-------- Dataset extract

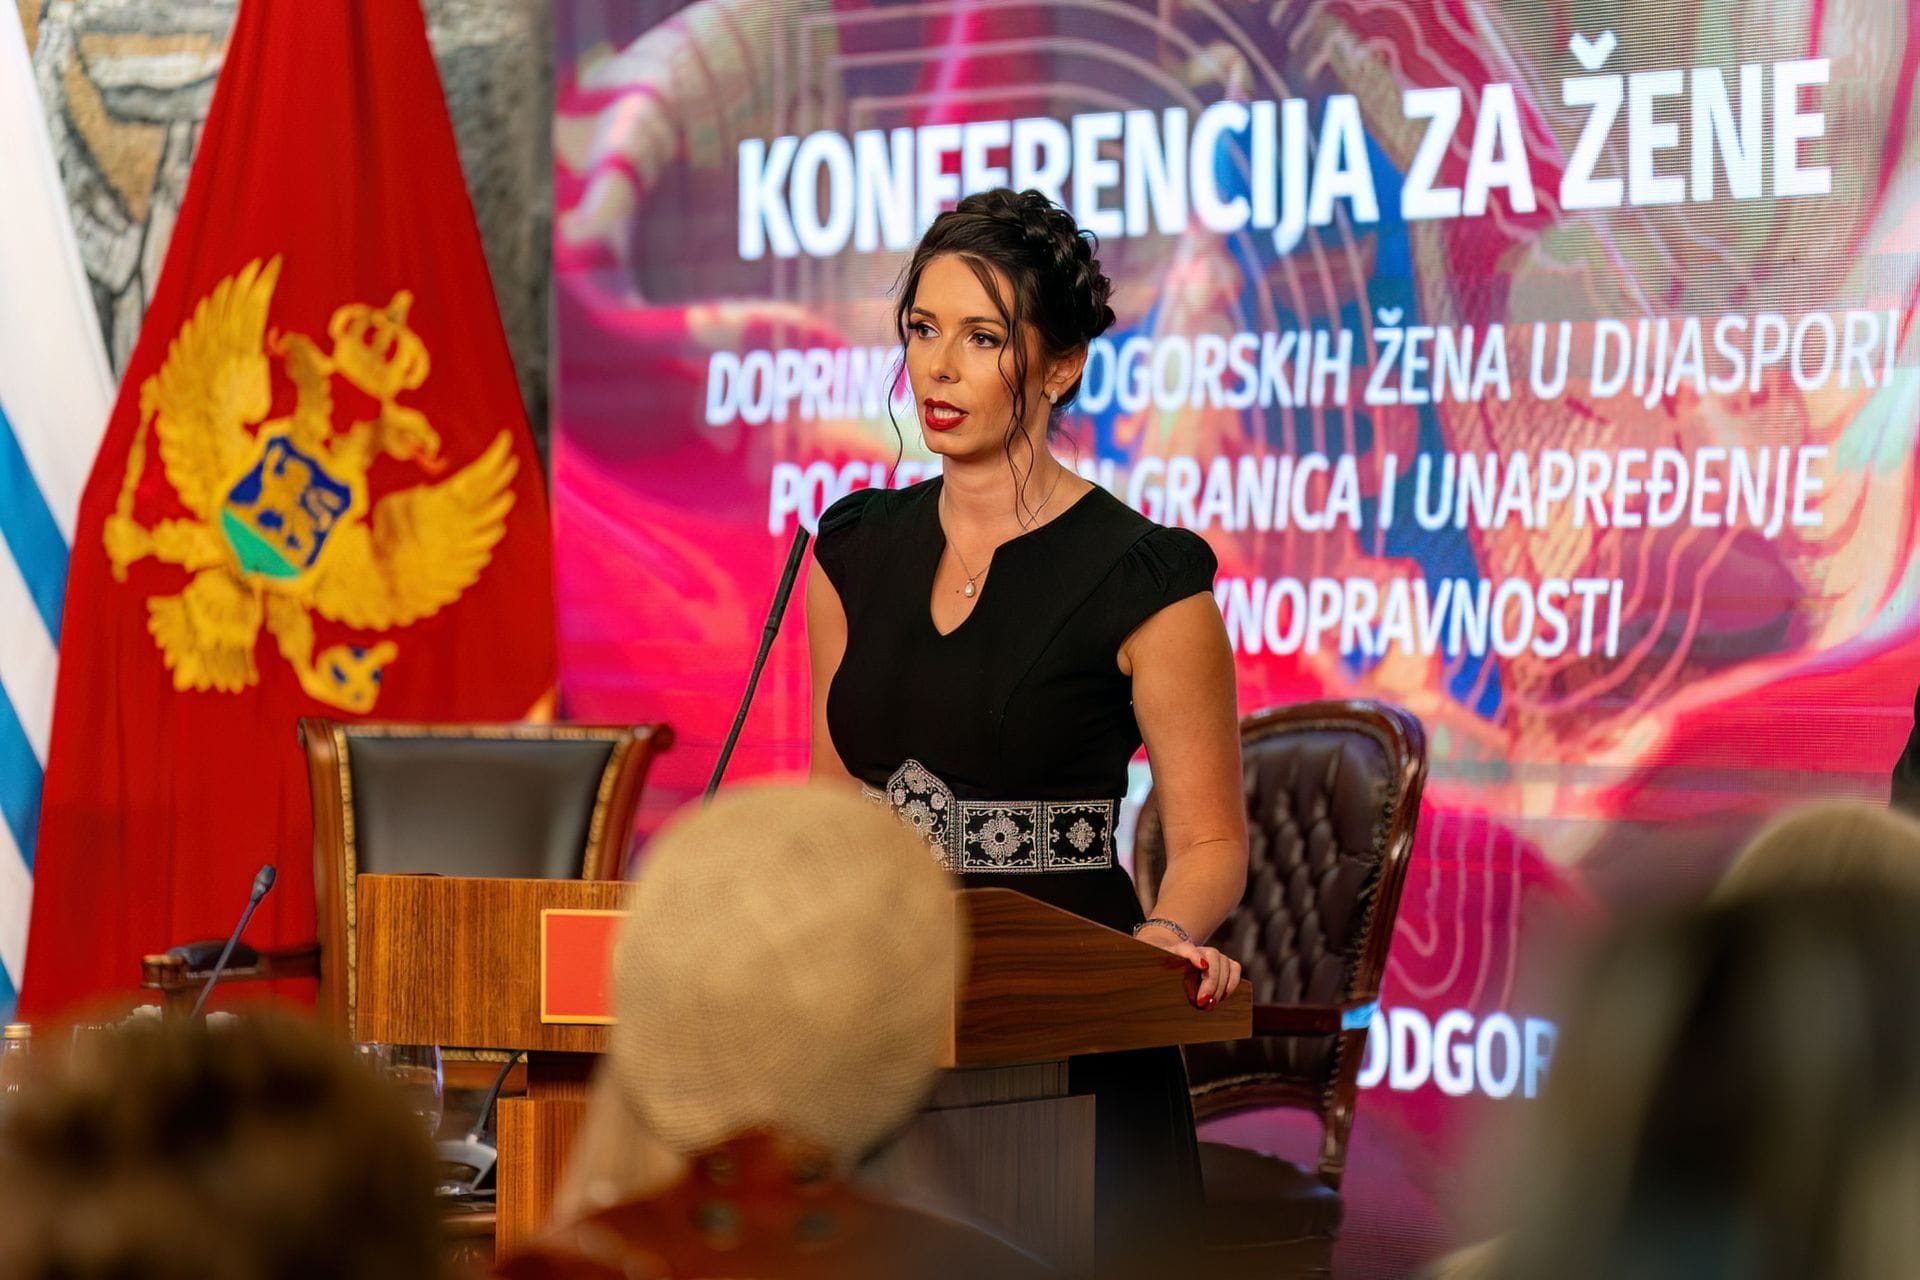 Doprinosi crnogorskih žena u dijaspori
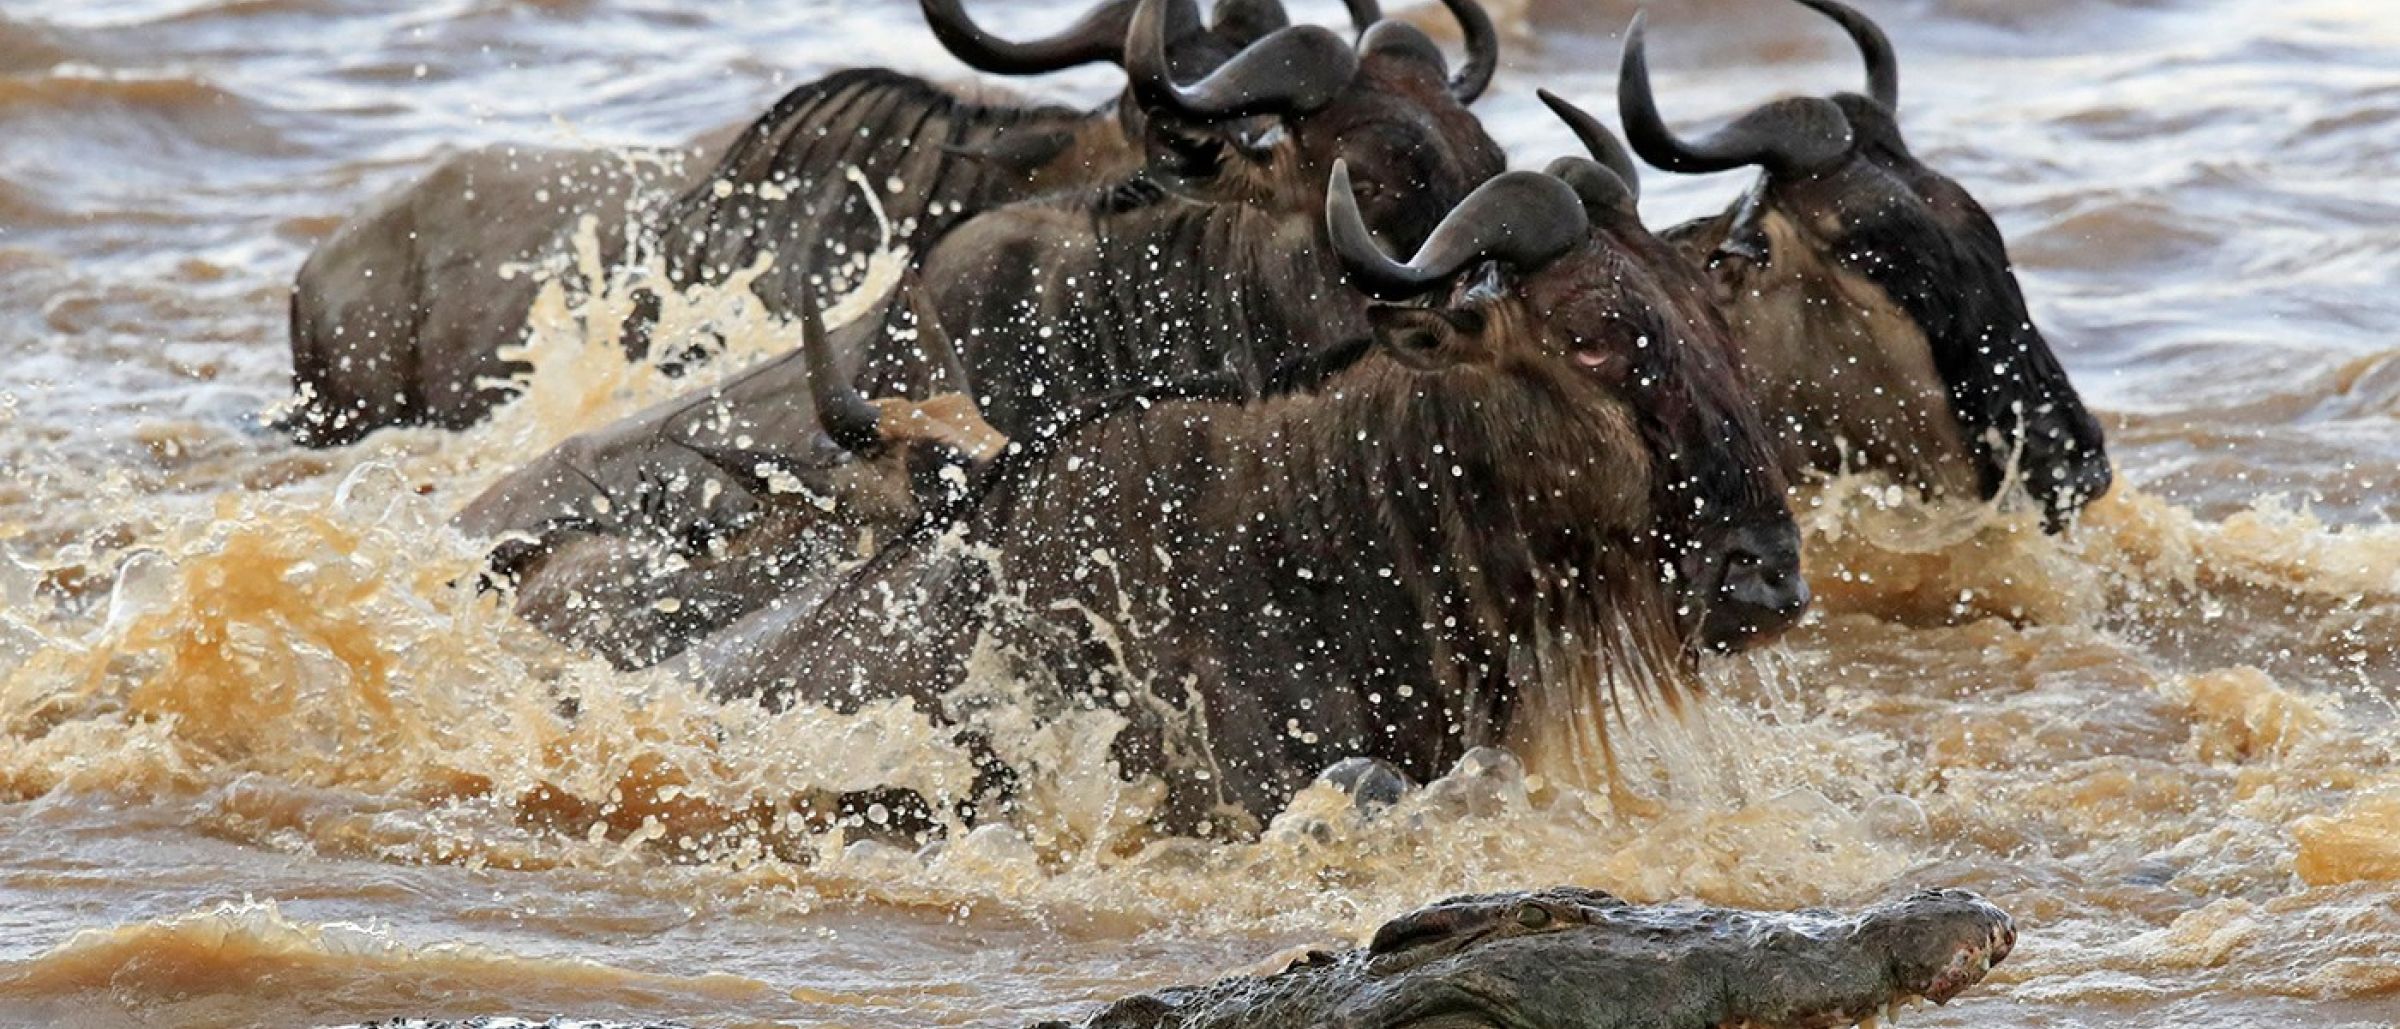 Gnus durchqueren den Mara Fluss
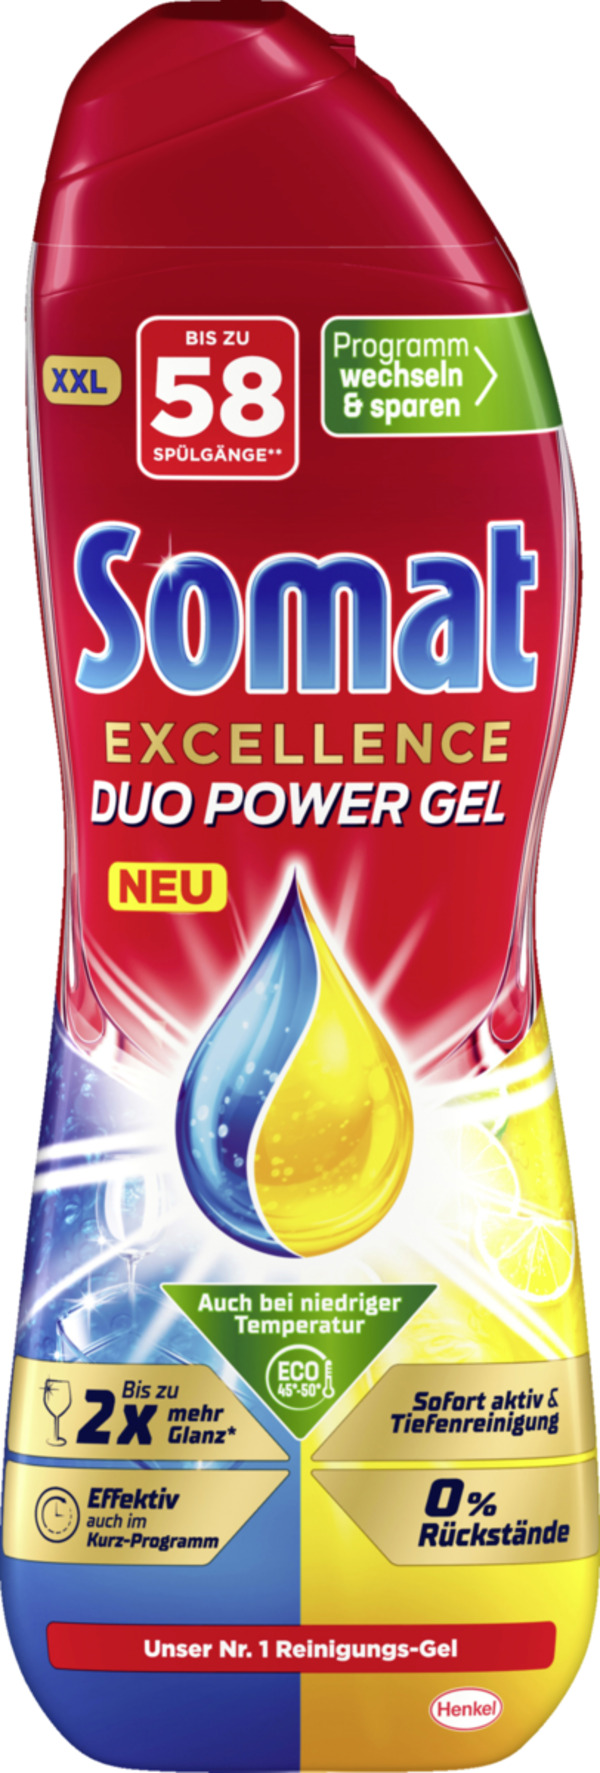 Bild 1 von Somat Excellence Duo Power Gel Zitrone & Limette
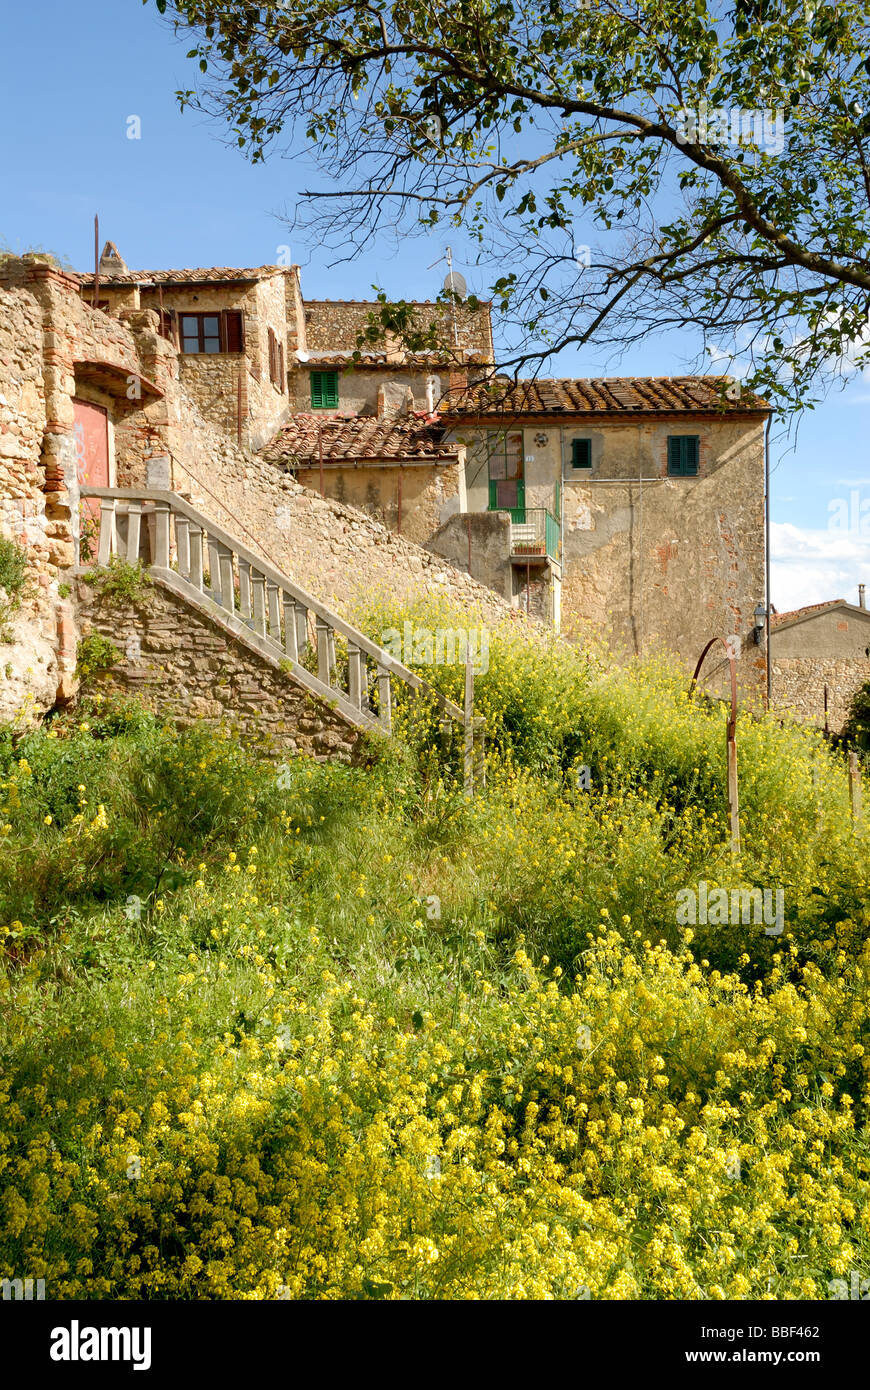 Toscane (Toscana) Italie - bâtiments avec des arbustes entourent alors que vue sur la ville médiévale Casale Marittimo Banque D'Images

----------------

Problem details =
Up to and including the last line of the listing, starting at the line with "Gnus durchqueren den Mara Fluss", extract every line exactly and leave out the pictures.

The answer =
 Gnus durchqueren den Mara Fluss
 Bild 1 von Somat Excellence Duo Power Gel Zitrone & Limette
 Toscane (Toscana) Italie - bâtiments avec des arbustes entourent alors que vue sur la ville médiévale Casale Marittimo Banque D'Images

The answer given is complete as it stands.